• _DATA BLOCK_:
####
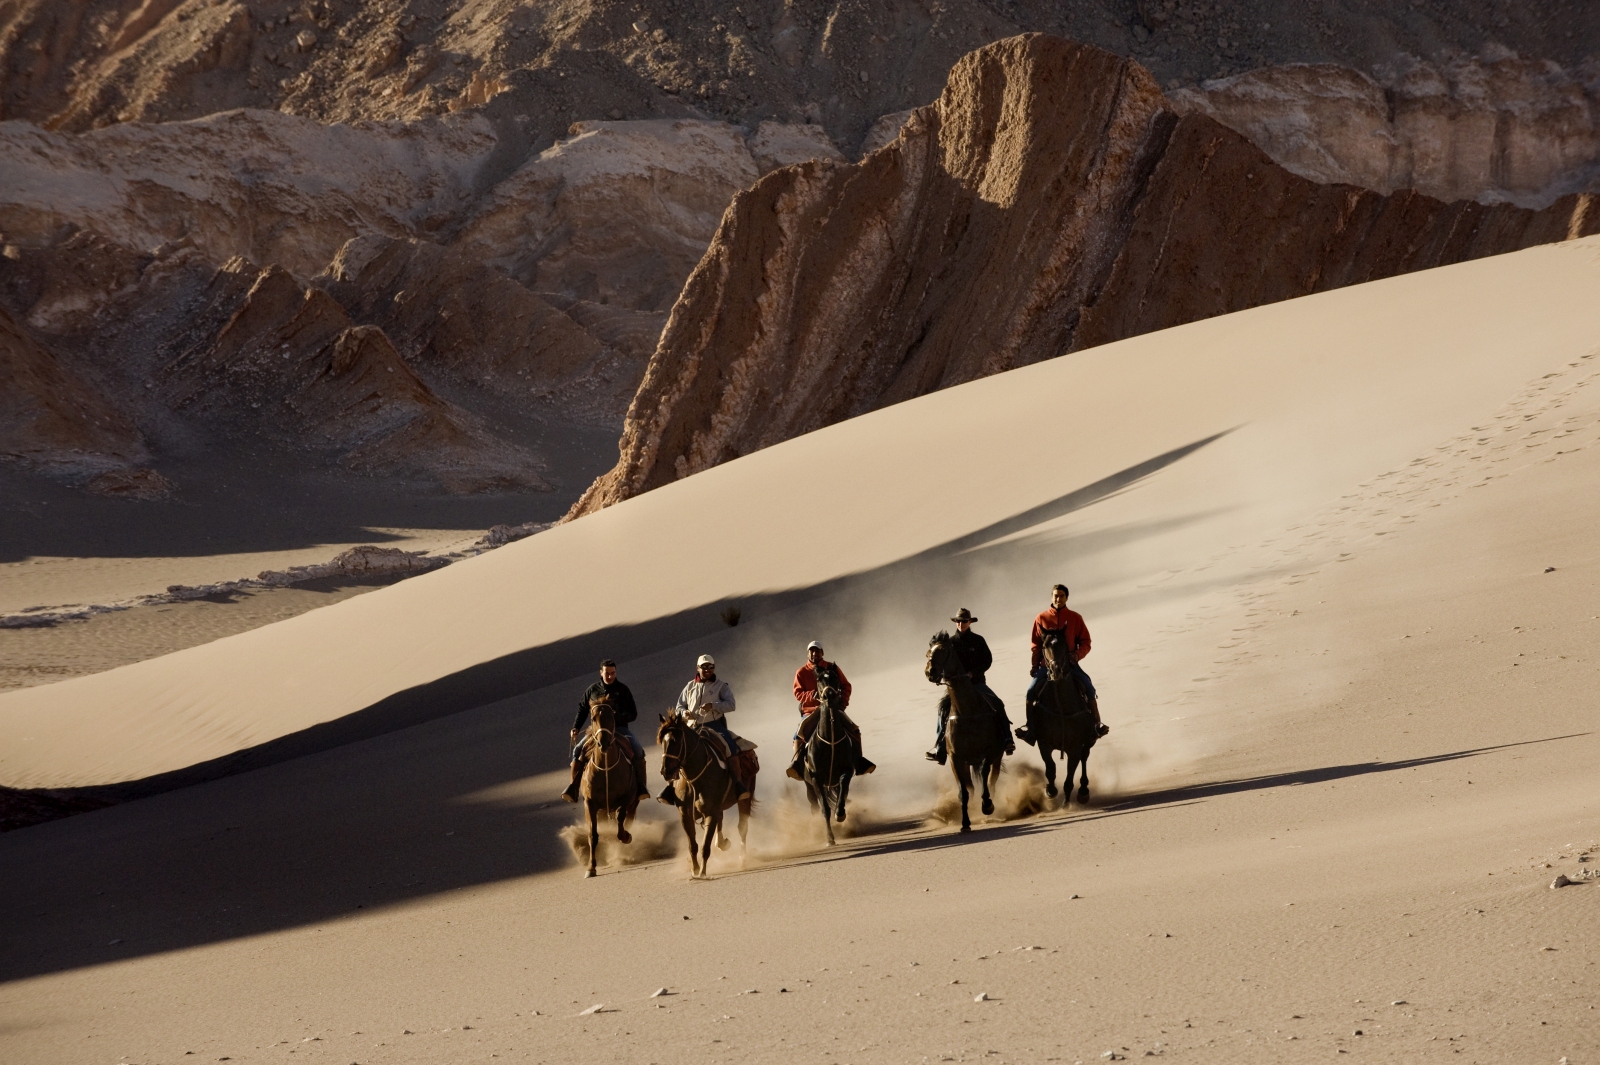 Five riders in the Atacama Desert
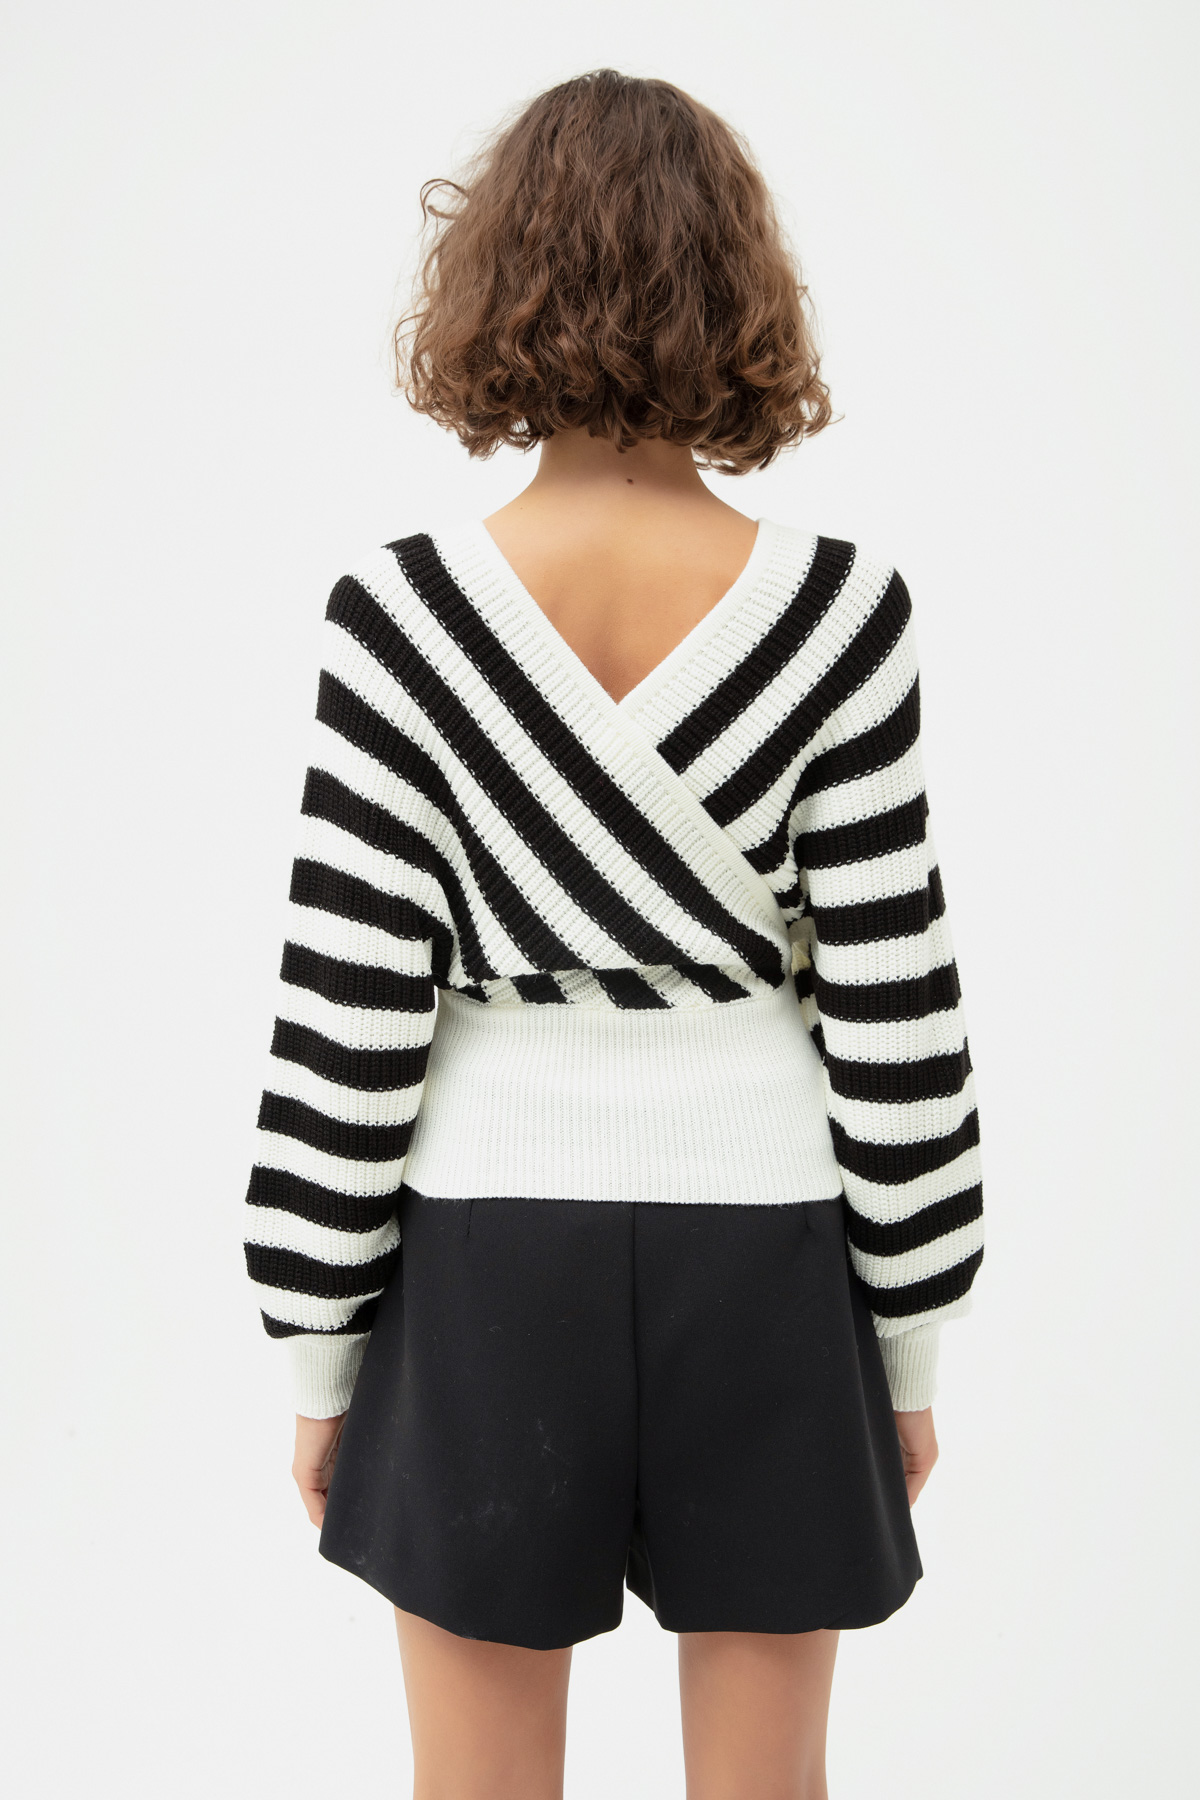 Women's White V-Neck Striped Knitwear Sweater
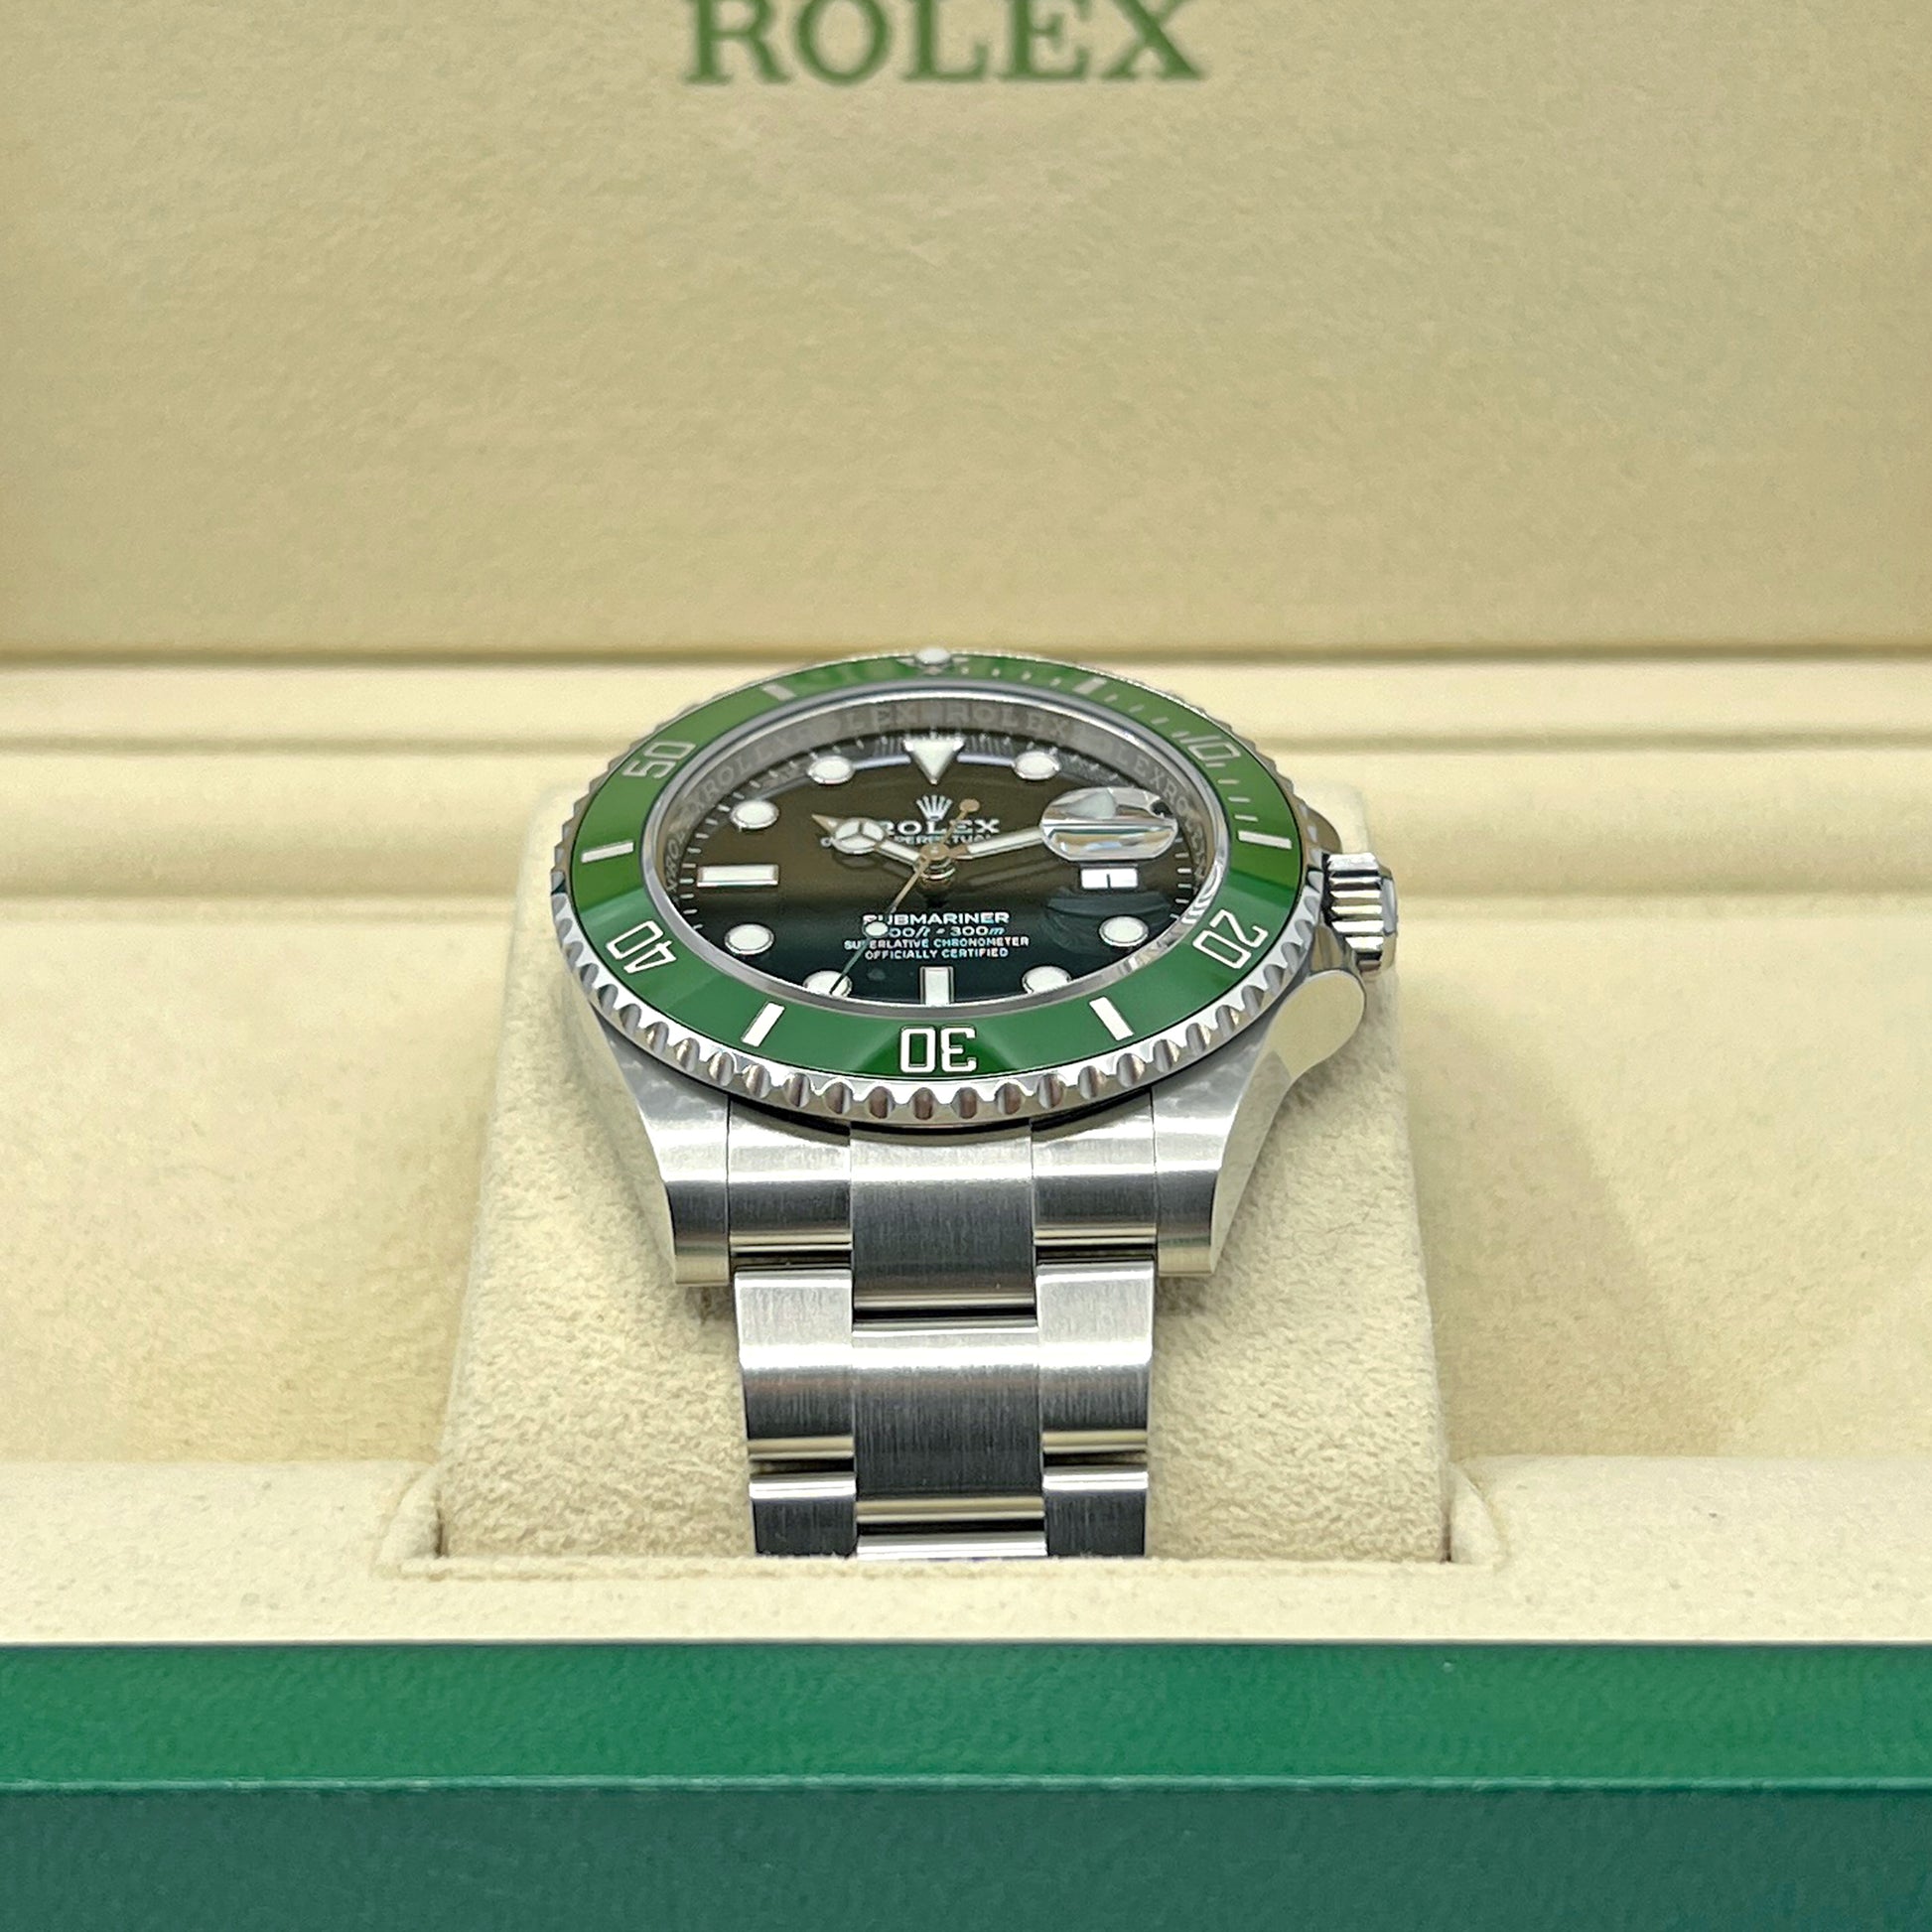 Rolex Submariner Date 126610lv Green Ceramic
####
• _ACTIVITY_:
When repeating the listing, keep each line exact and exclude the pictures.

• _EXERCISE RESPONSE_:
 Five riders in the Atacama Desert
 Women's White V-Neck Striped Knitwear Sweater
 Rolex Submariner Date 126610lv Green Ceramic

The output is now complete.